The market for next generation data management software is driven primarily by:
- The explosion of data – amount of data, variety of data types (structured, unstructured and semi-structured) and speed at which data must be stored, processed and analyzed
- The trend toward data-centricity and the information-driven enterprise, resulting in widespread upgrading and re-architecting of data centers
- The emergence of the Internet of Things (IoT)
Hadoop technology is particularly well-suited to address these trends and has quickly become a foundational element in modern enterprise data infrastructure. IDC projects that the Worldwide Big Data Technology market, which includes hardware, software and services, will be $32 billion in 2017.
Similarly, the data-related enterprise software market (data management, data storage and business intelligence) is forecast to be approximately $110 billion in 20181. We have estimated that more than $30 billion of this amount relates to analytical workloads and operational data stores as contrasted with transactional workloads. Analytical workloads are most immediately addressable by an EDH platform and Hadoop technology while also being one of the fastest growing segments of the data-related enterprise software market2.
1 Gartner, Enterprise Software Markets, Worldwide 2011-2018, 2Q 2014 Update
2 the451 Research, Total Data Warehousing 2013-2018, July 2014
Hadoop was co-created in 2006 by Doug Cutting, who has been Cloudera’s Chief Architect since 2009. The idea for the open source project came from Doug’s reading of the seminal papers by Google on MapReduce and the Google File System. Hadoop is a software framework for storage and distributed parallel processing of large data-sets on clusters of commodity hardware -- it scales without limits and creates a single location where any enterprise data can be stored, processed, analyzed and made accessible to other systems and applications. As open source software, it is built and used by a global community of contributors and users.
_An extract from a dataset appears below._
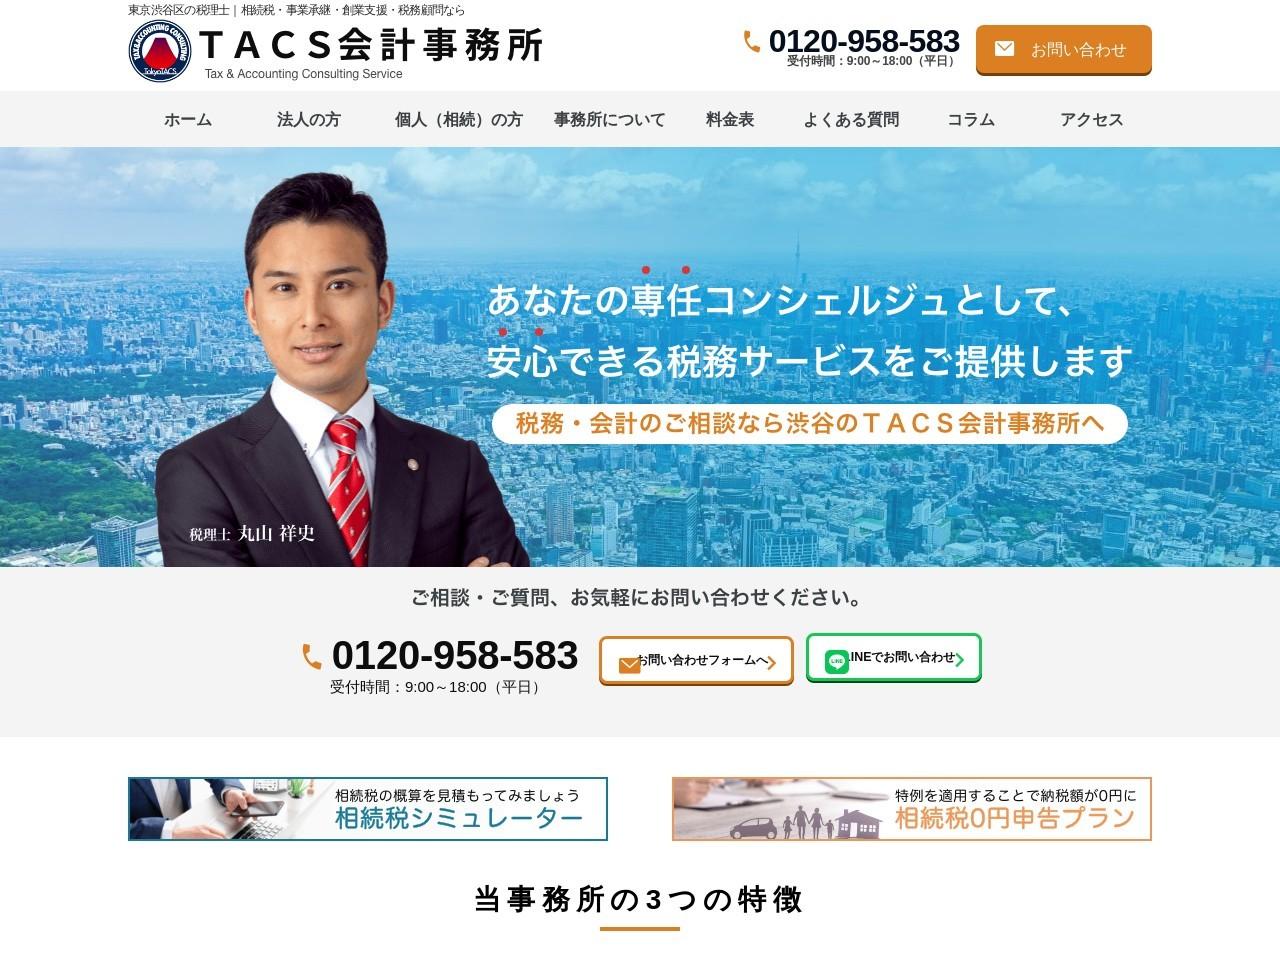 TACS会計丸山祥史税理士事務所
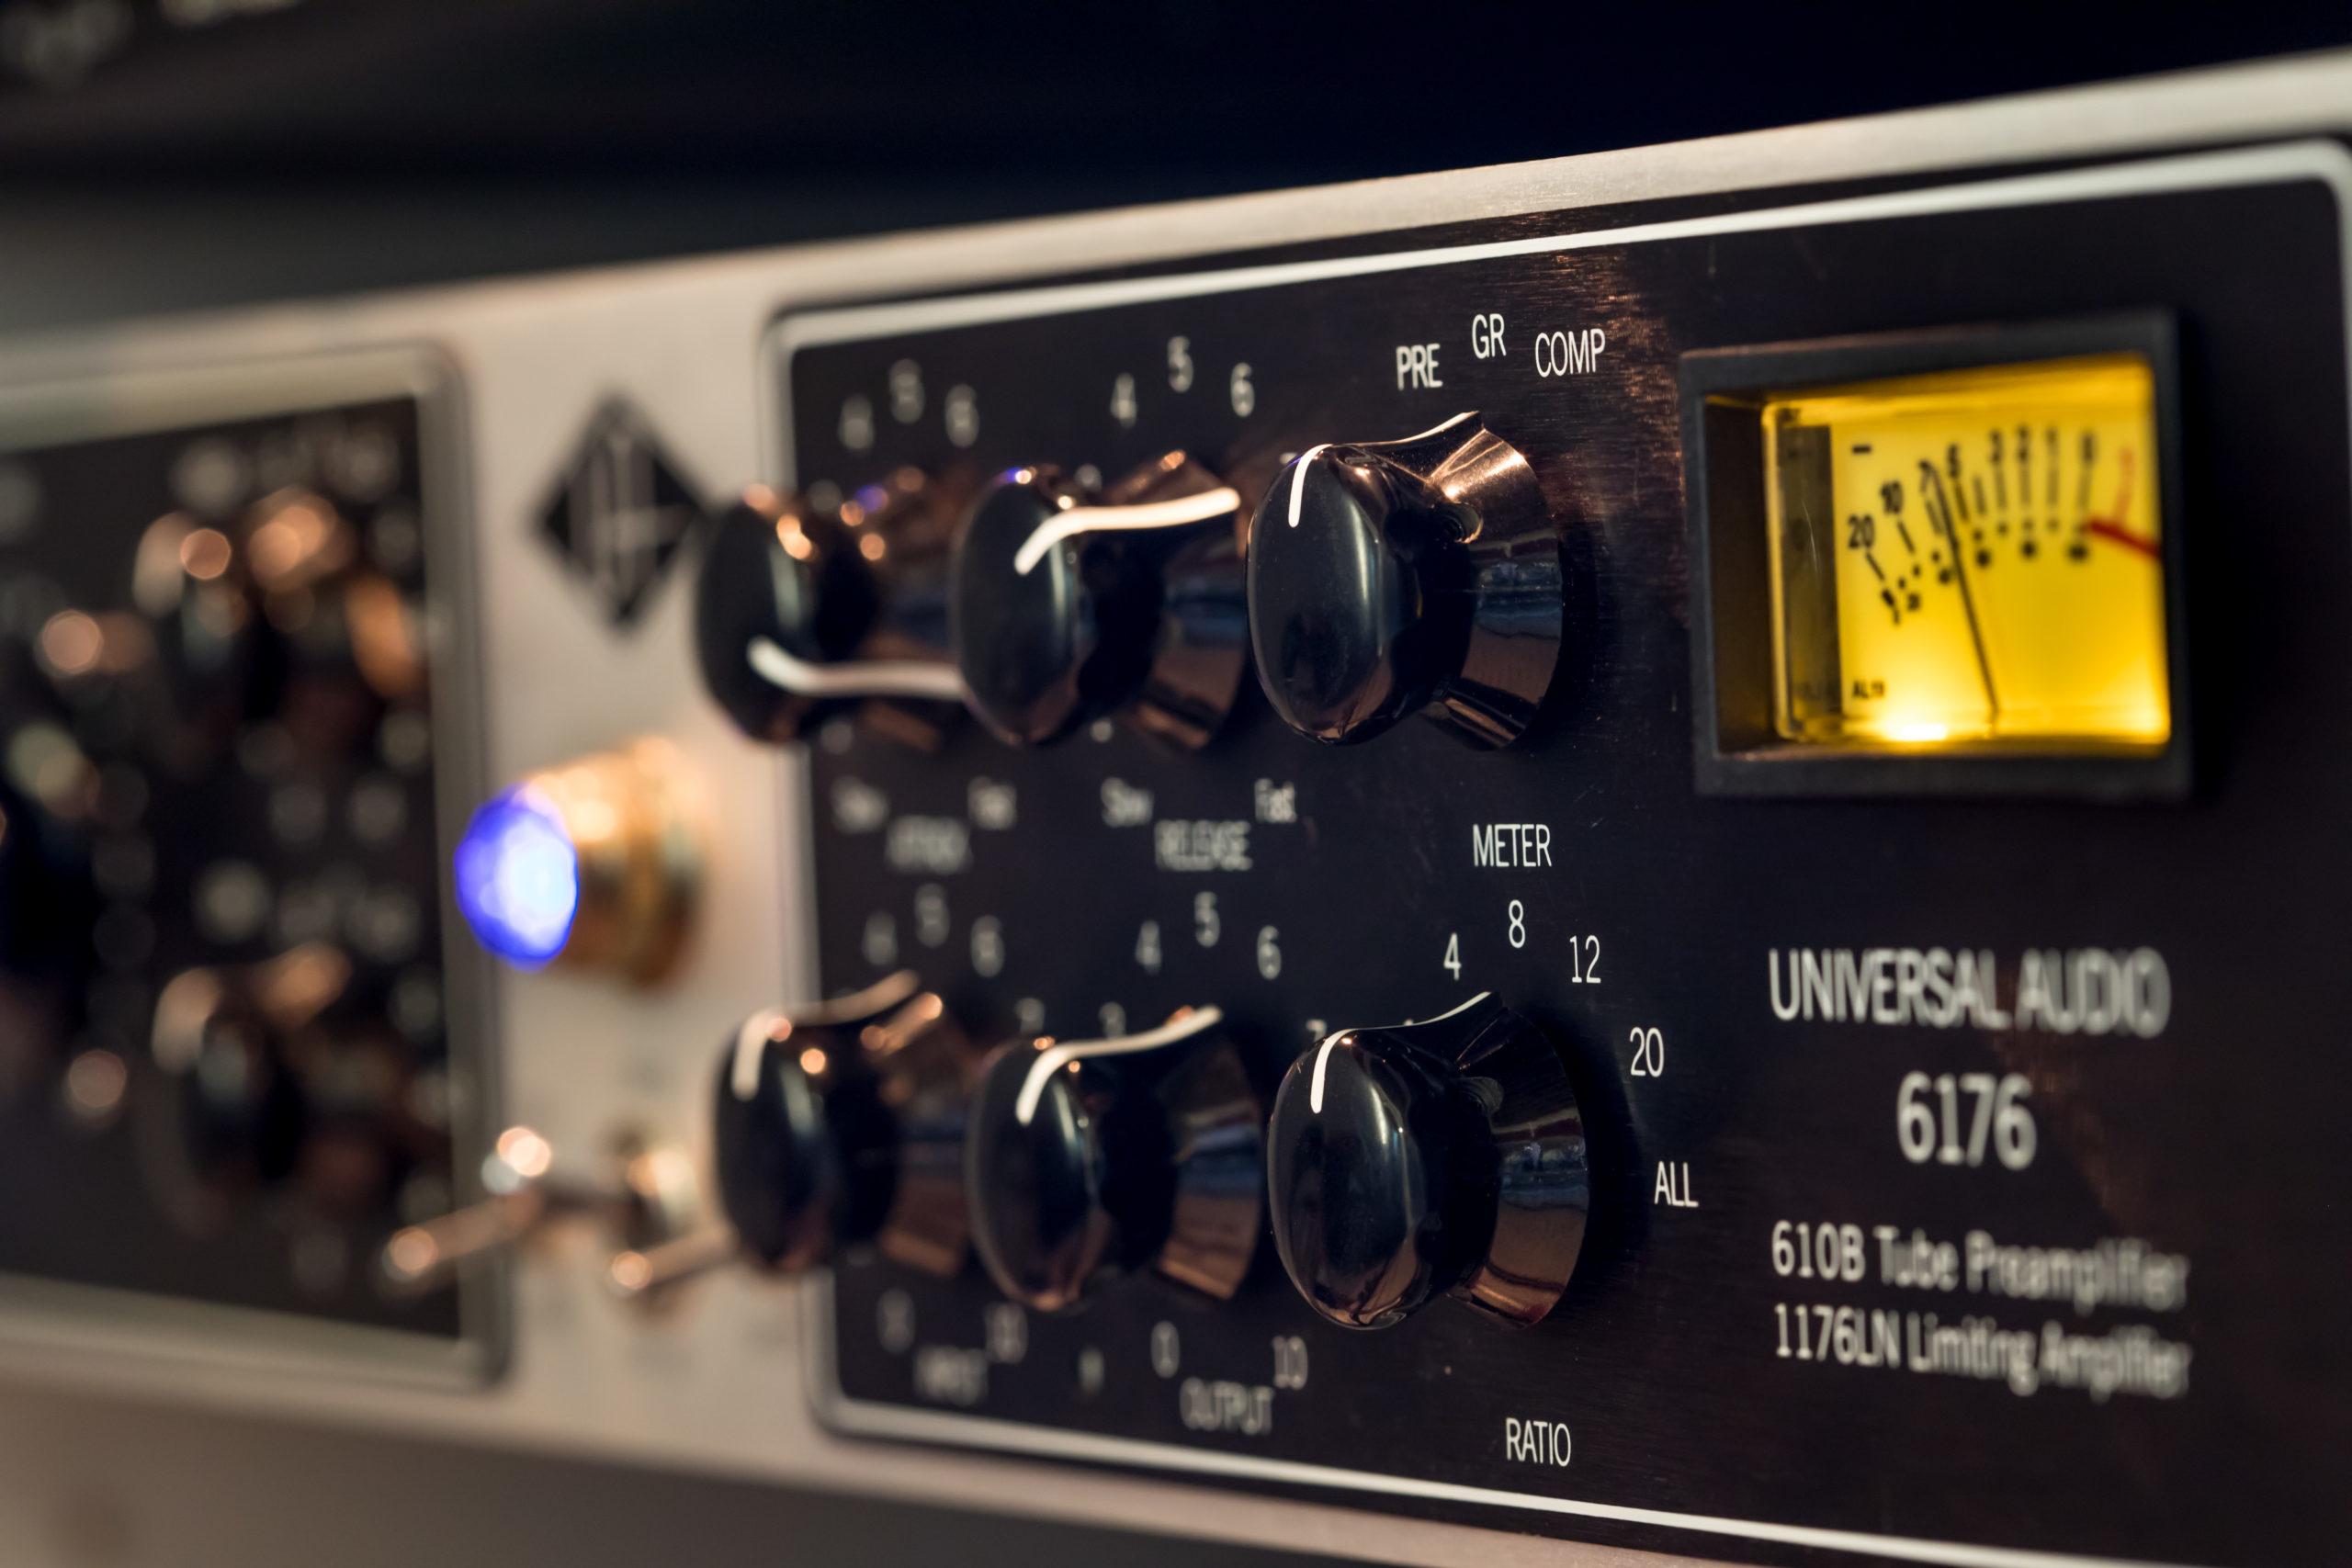 UAD 6172 Flip music

By 2008, many of the world’s leading technology companies like Yahoo!, Facebook, LinkedIn, eBay and others had adopted Hadoop as the underpinning of their data strategy, but few people recognized the opportunity and potential for Hadoop in the enterprise. Cloudera’s founders came together with a shared vision to make Hadoop reliable and deliver the capabilities enterprise customers require. In 2009, Cloudera introduced the first version of its Hadoop distribution, known as CDH (Cloudera’s distribution including Apache Hadoop). Today, we are shipping the fifth generation of CDH, comprising more than 25 distinct open source projects. Cloudera is the only vendor that delivers a data management solution built on Hadoop that includes comprehensive security, robust system management and unified data management.
Cloudera’s Enterprise Data Hub (EDH)
In the face of a seeming avalanche of data, enterprises are seeking to leverage and produce insights across their businesses from this information but are increasingly concerned with its management, security and governance. While Hadoop is extremely economical in any context, the open source technology by itself is not a complete data management solution for many enterprise customers.
In order to enable organizations to realize the full potential of Hadoop in a manner consistent with enterprise requirements, in 2013 Cloudera introduced the first enterprise data hub, a ‘reference architecture’ that defines a new data management platform built around Hadoop. The power of an EDH stems from its integration with existing systems like databases, enterprise data warehouses (EDWs), data integration tools, analytic applications and others. In this regard, an EDH complements existing systems, allowing enterprises to optimize where workloads occur and enabling an internal service with respect to access and analysis of all an enterprise’s data.
Cloudera’s Hybrid Open Source Software (HOSS) Business Model
Cloudera is a pioneer in bringing the hybrid open source software business model to enterprise infrastructure software. In addition to being the most significant contributor to the development of the Hadoop open source software ecosystem, Cloudera has developed differentiated software like Cloudera Manager (system management), Cloudera Navigator (data management, lineage, governance, & security), Cloudera Director (cloud-based deployment) and other capabilities that augment our open source core for enterprise use. Hive, HBase, Sqoop, Impala, Sentry, Flume and Hue are some of the projects founded by Cloudera that were then contributed to the open source community.
Cloudera is committed to partnering with the open source community and Apache Software Foundation to continue the advancement of Hadoop, lead the establishment of open standards and enable enterprises to fully capitalize on all their data.